**PROBLEM TO WORK ON**
Restate word for word the lines below from the one that has "Mosswood Jumpsuit in eyelet white image 2" through the one that has "Geek baby vector logo template - 10 EPS", keeping both and dropping all pictures.

**ENTRIES SUPPLIED**
- - - - - - -

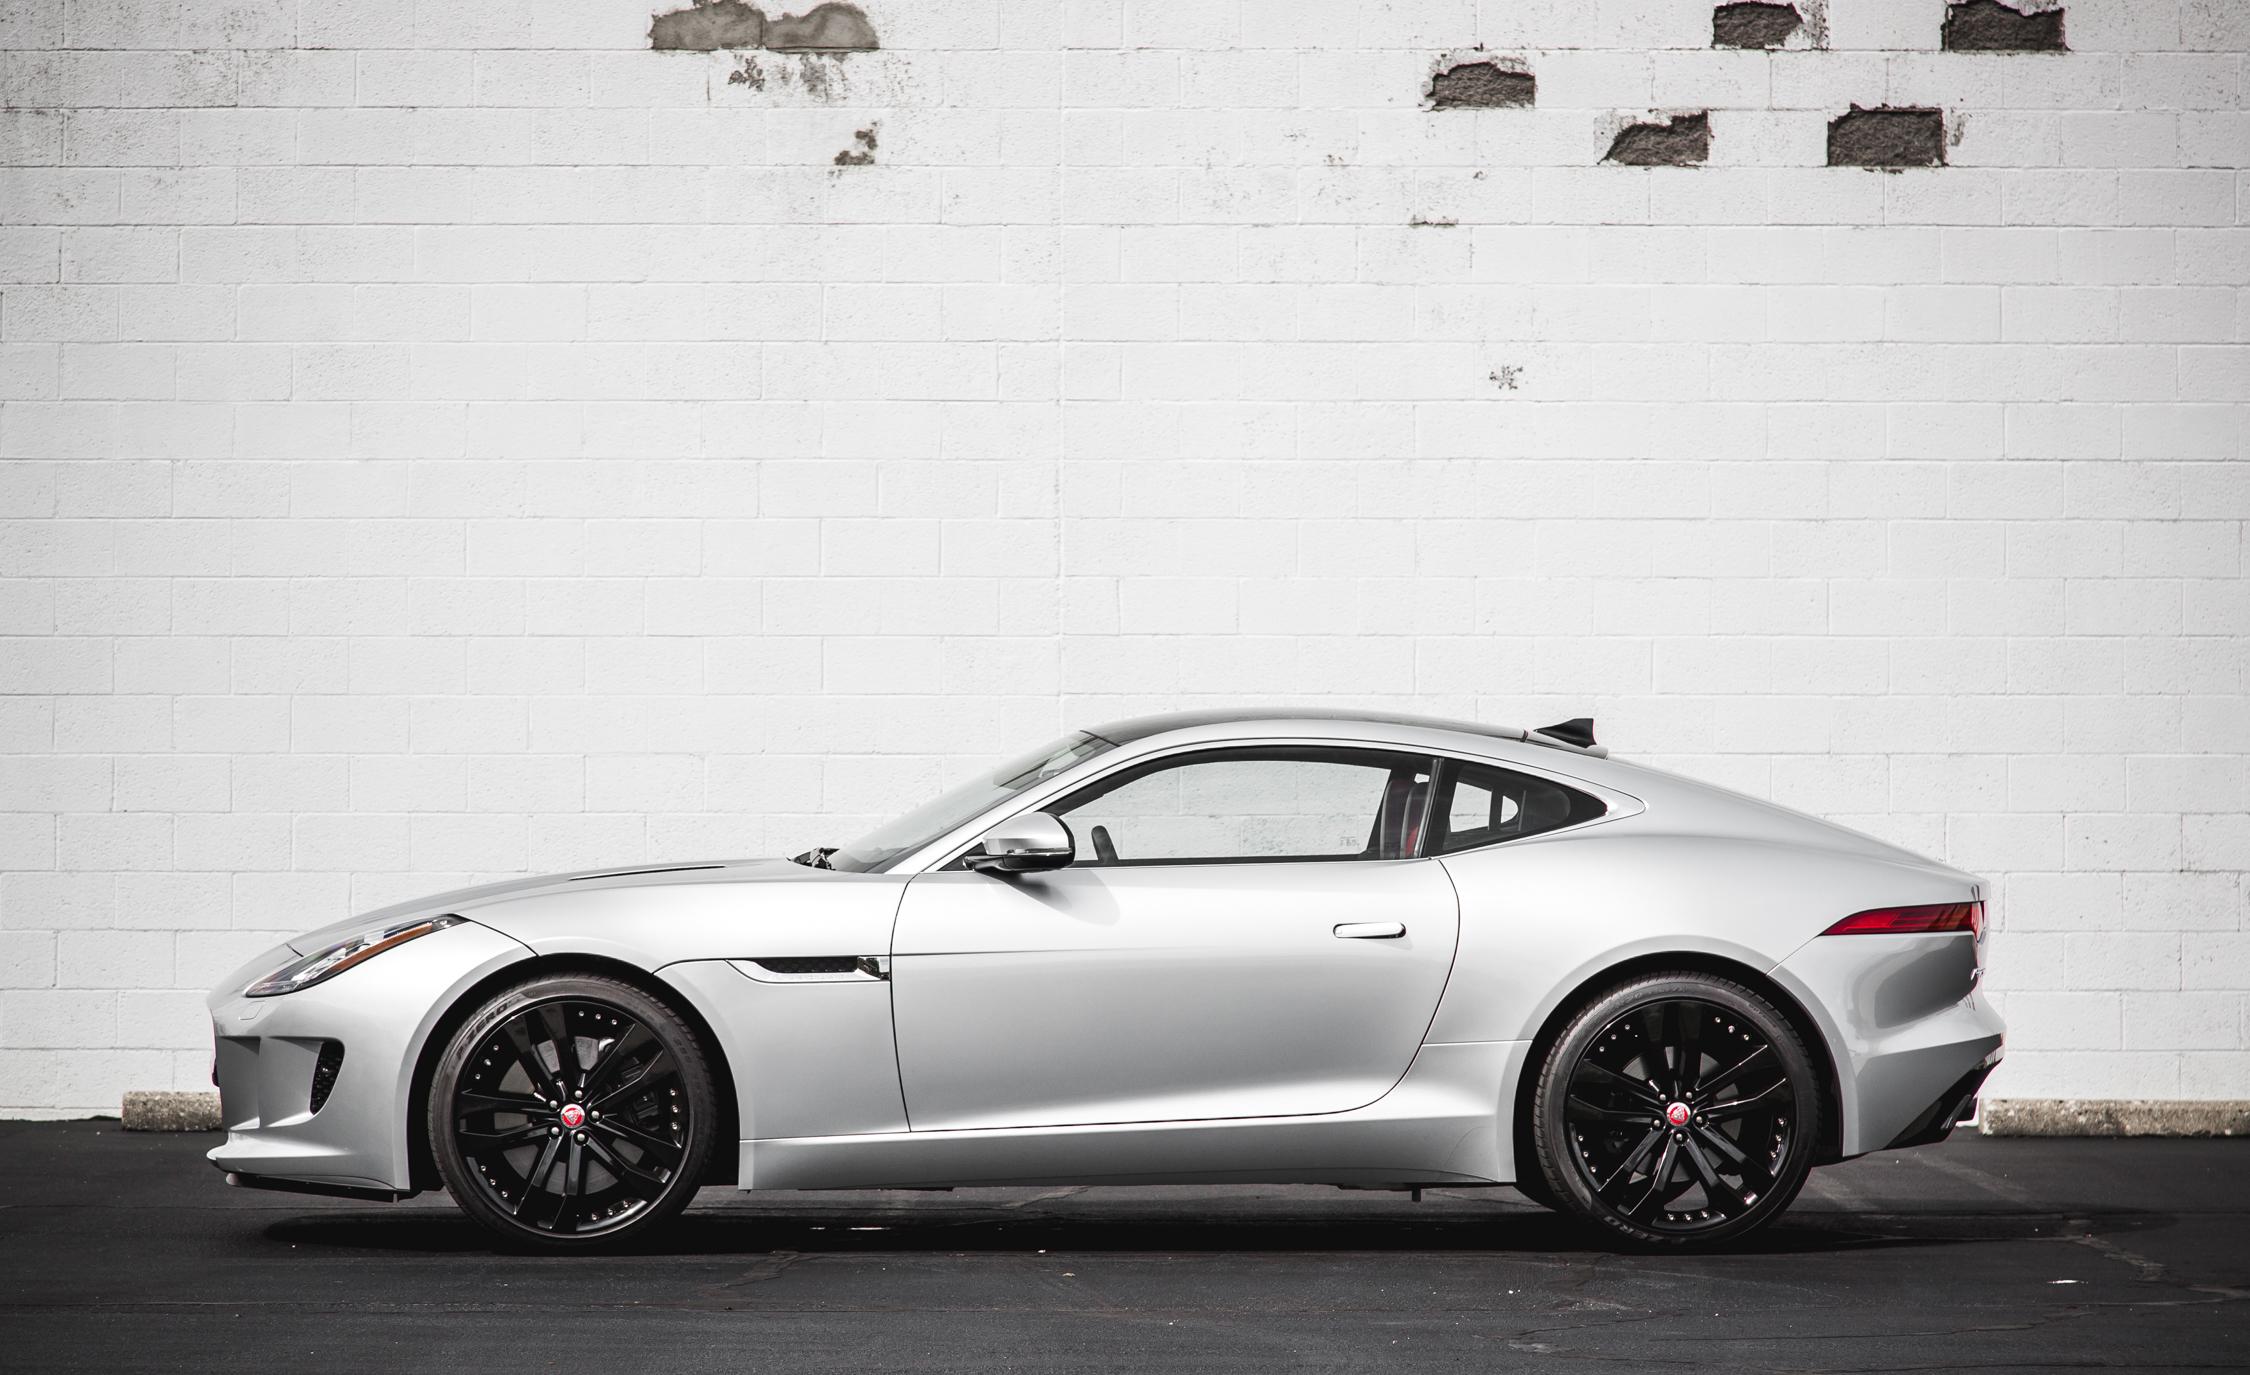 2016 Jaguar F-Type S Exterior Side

- - - - - - -

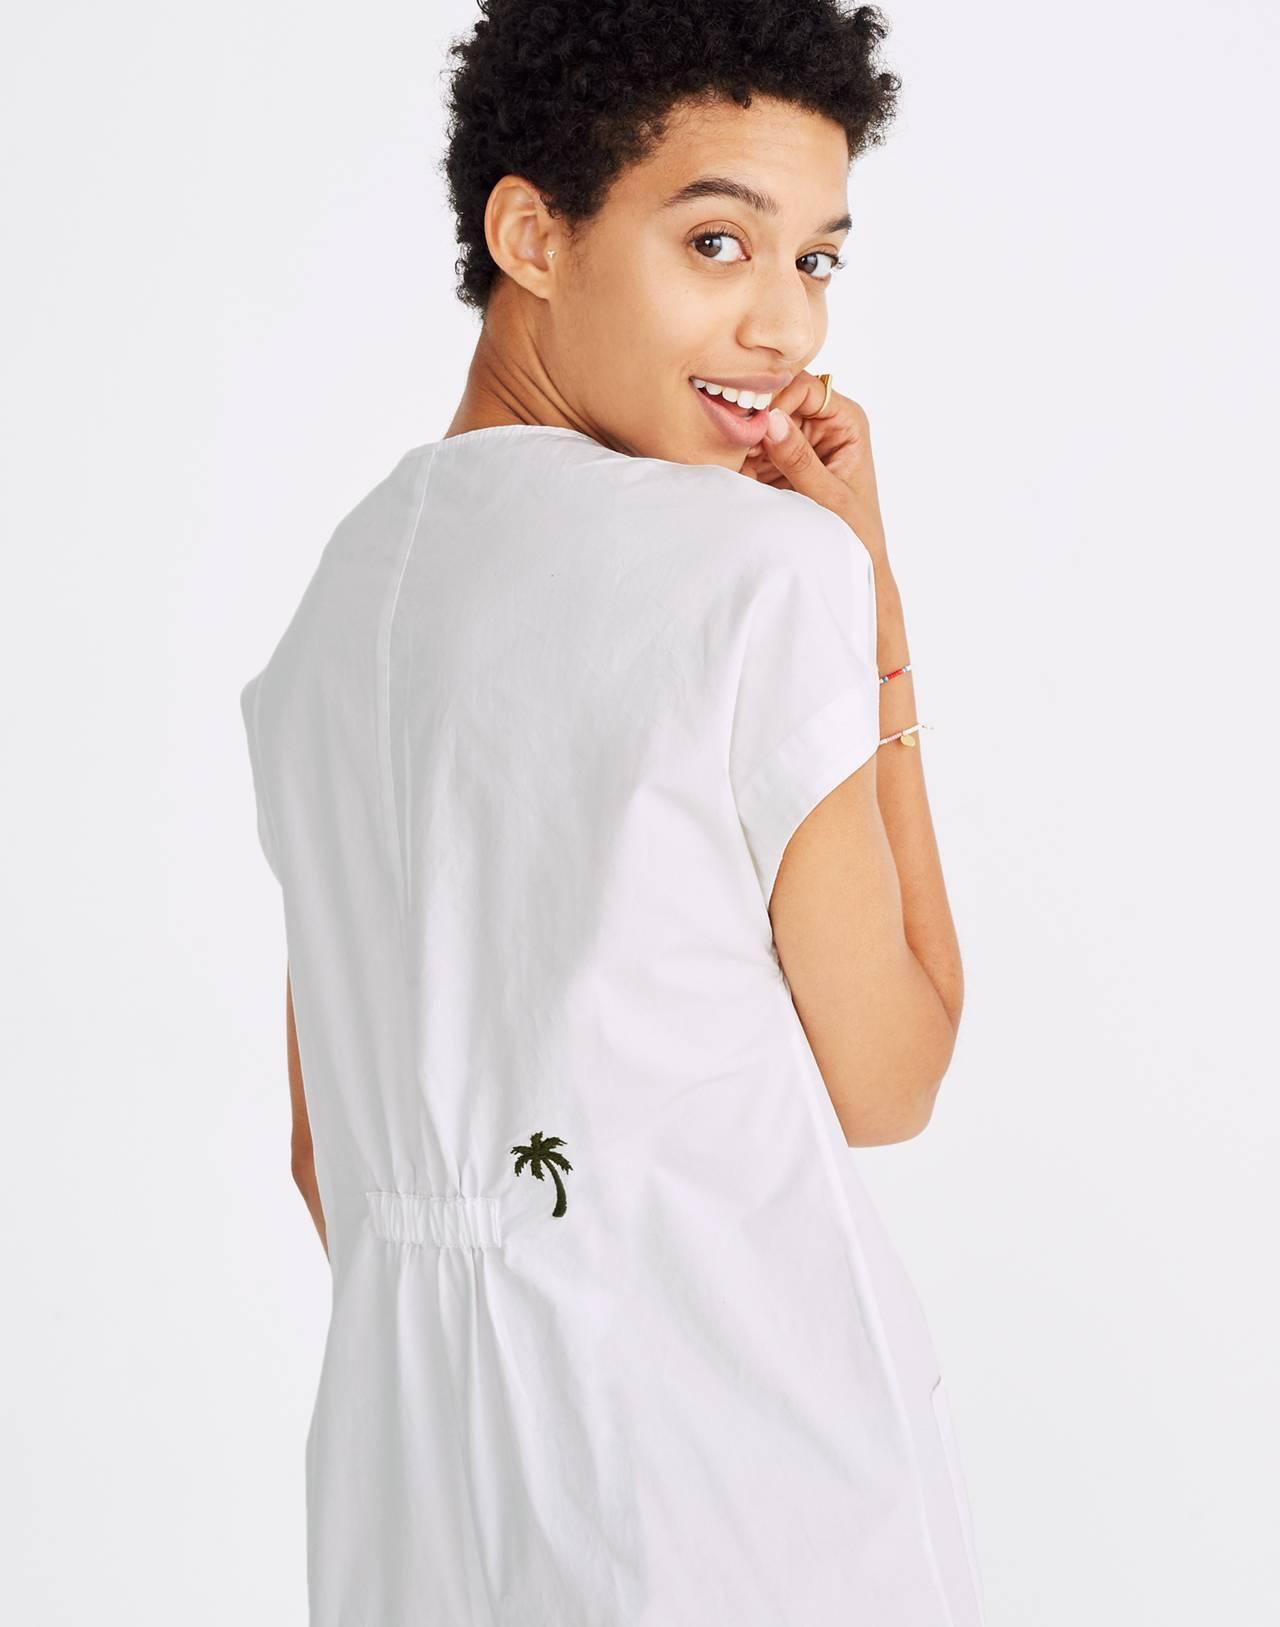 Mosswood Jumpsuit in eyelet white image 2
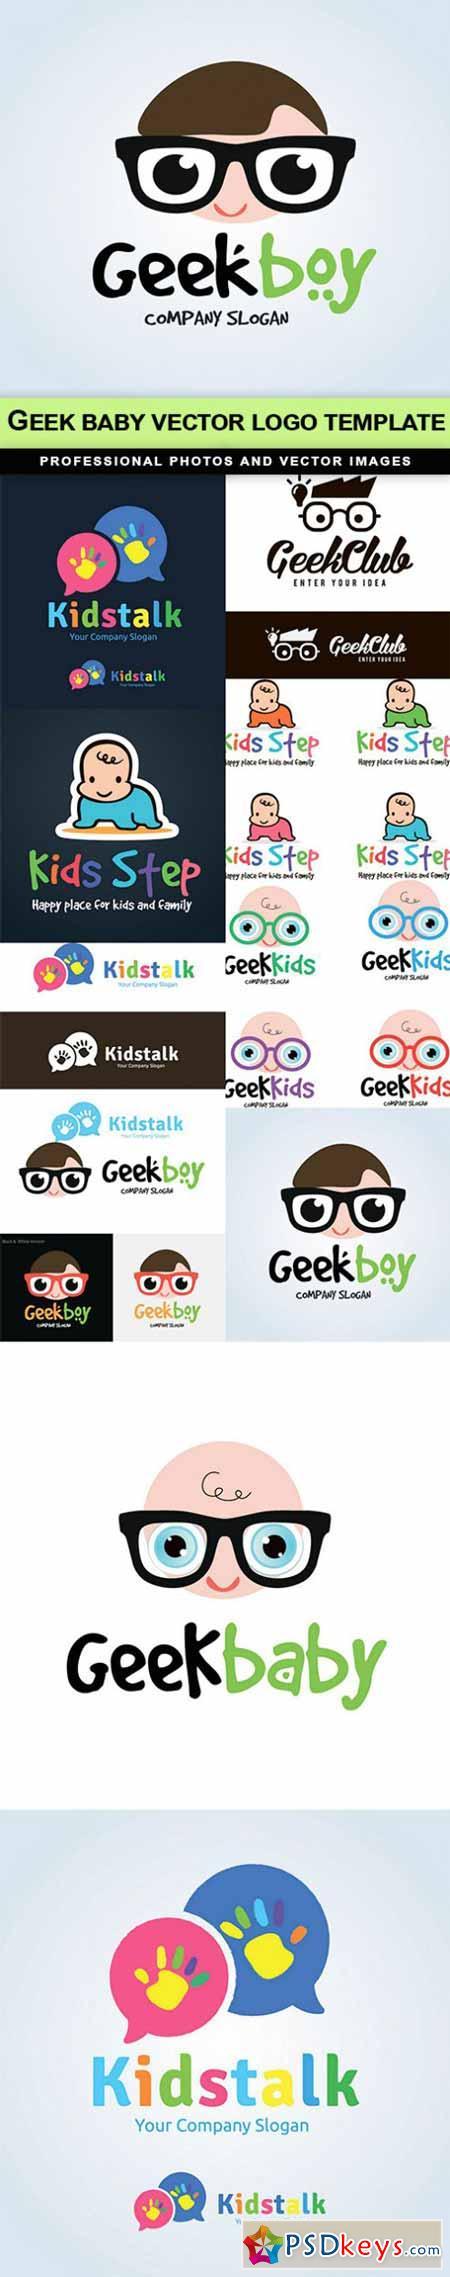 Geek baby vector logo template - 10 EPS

- - - - - - -

**TASK RESPONSE**
 Mosswood Jumpsuit in eyelet white image 2
 Geek baby vector logo template - 10 EPS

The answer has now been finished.